_YOUR GOAL_
Beginning with the line that contains "Google VS EU: Alphabet strikes back" and ending with the line that contains "castellet-de-banyoles-02", reproduce the lines of the entries below exactly, omitting pictures.

_INFORMATION PROVIDED_
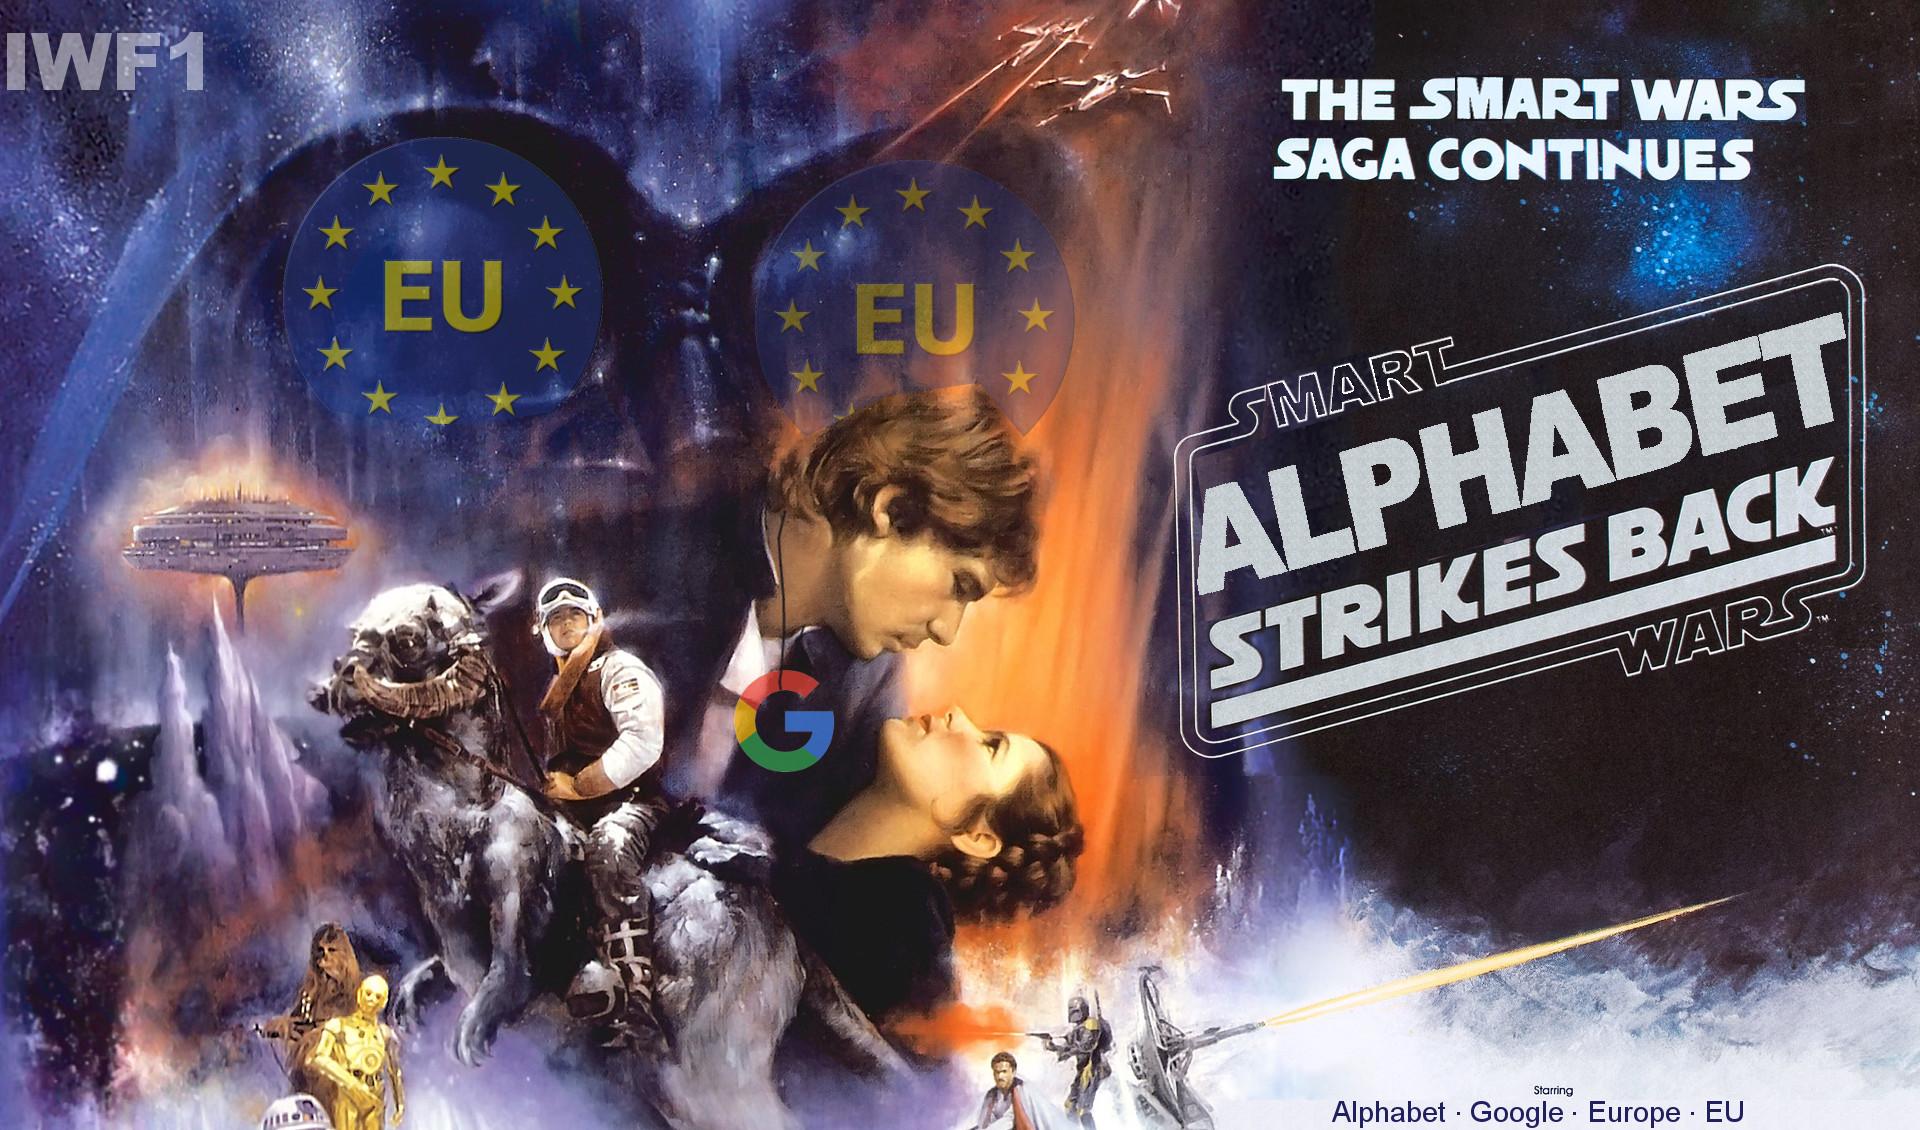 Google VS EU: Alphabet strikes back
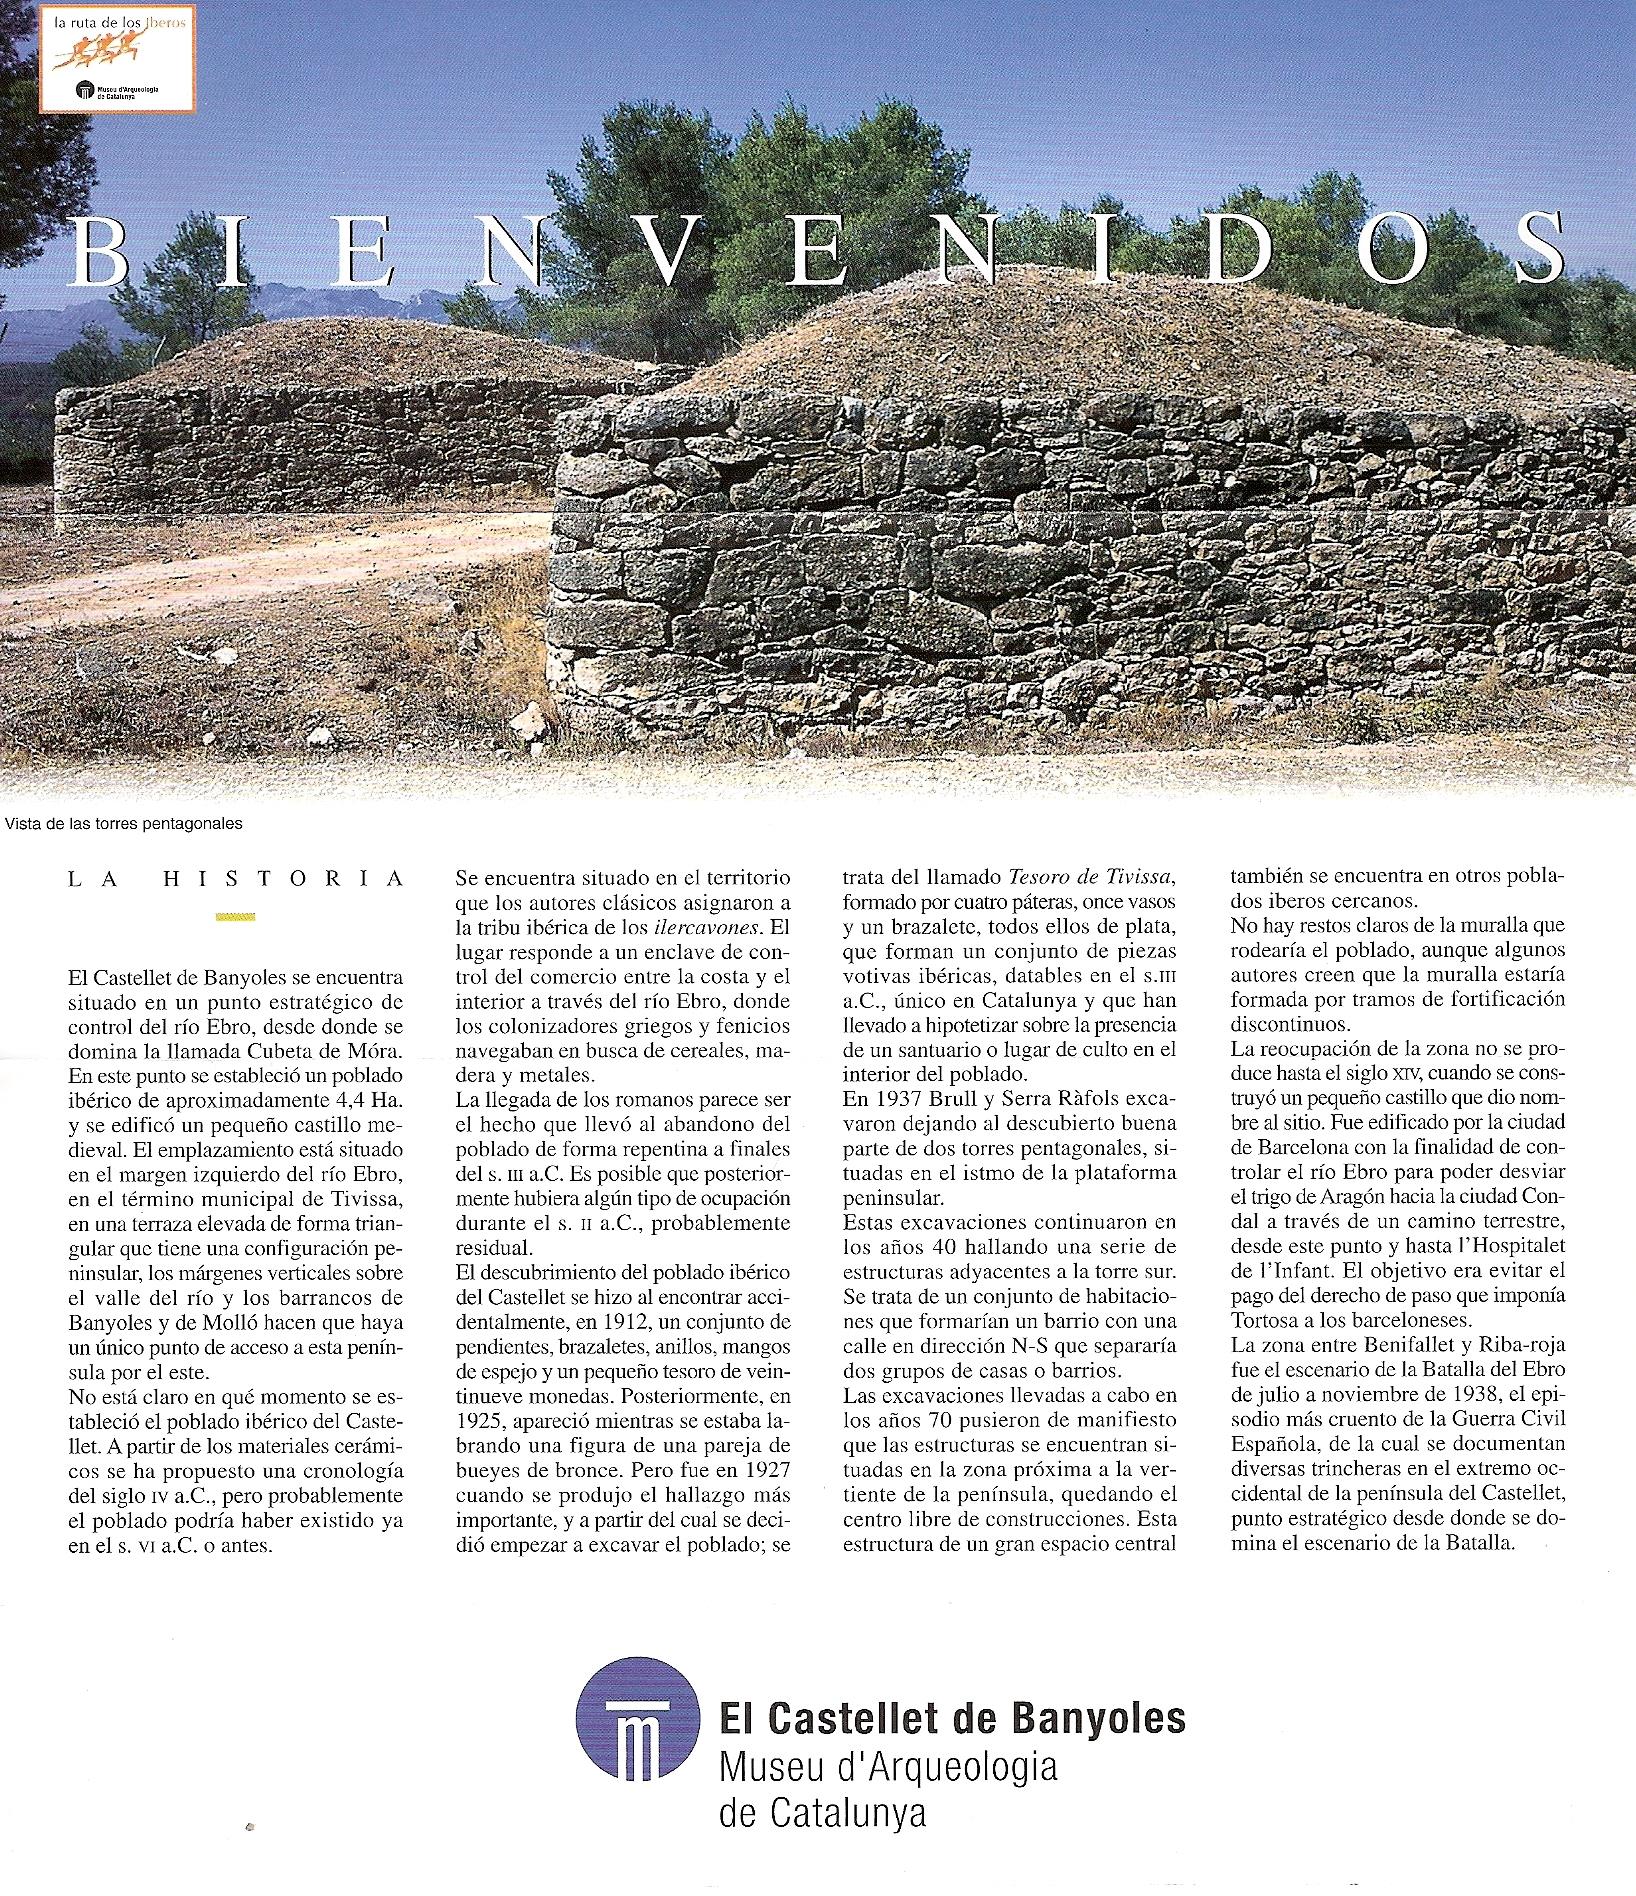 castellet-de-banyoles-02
--
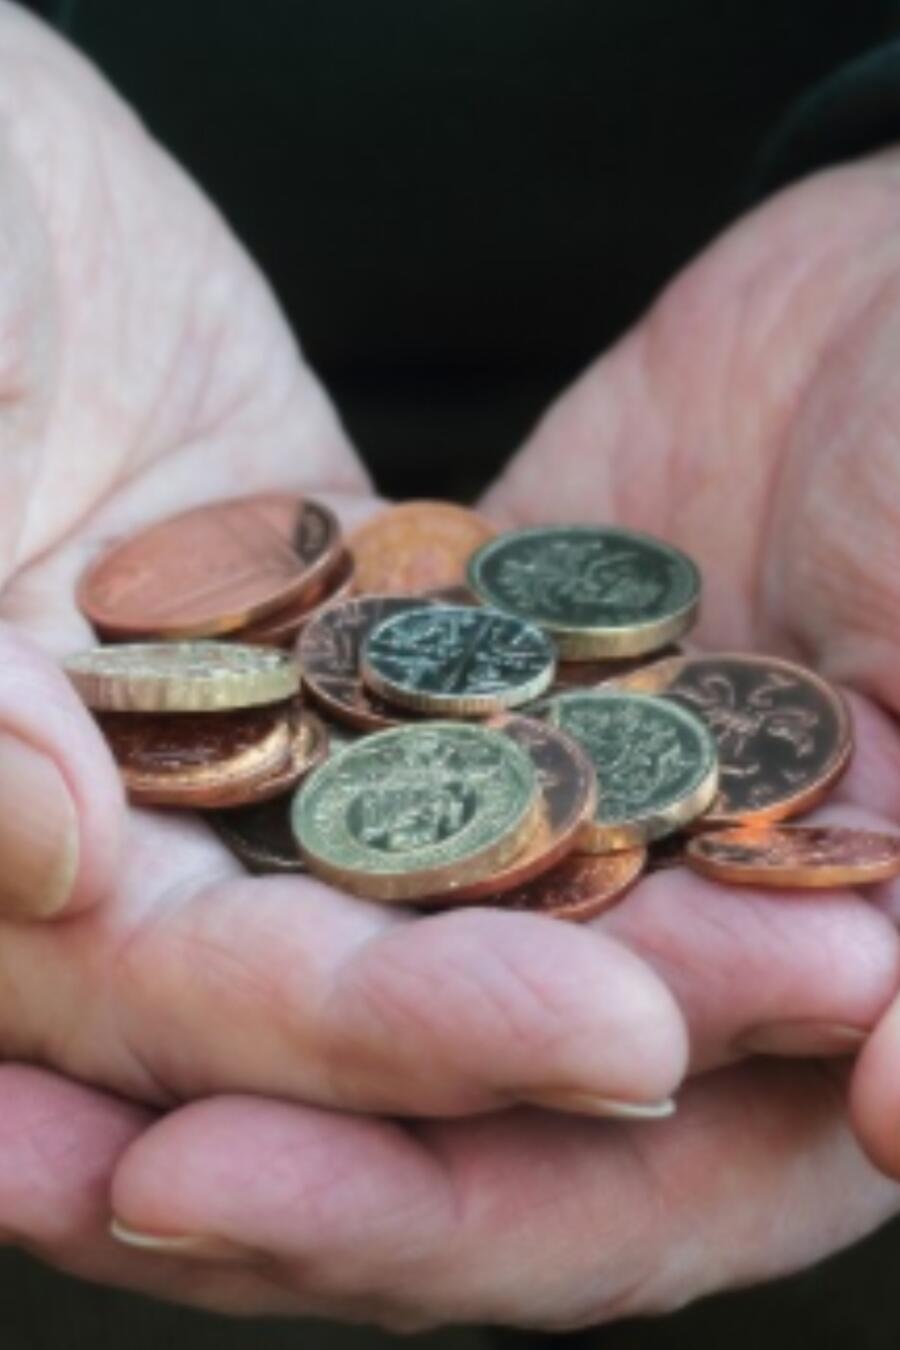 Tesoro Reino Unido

_TASK SOLUTION_
 Google VS EU: Alphabet strikes back
 castellet-de-banyoles-02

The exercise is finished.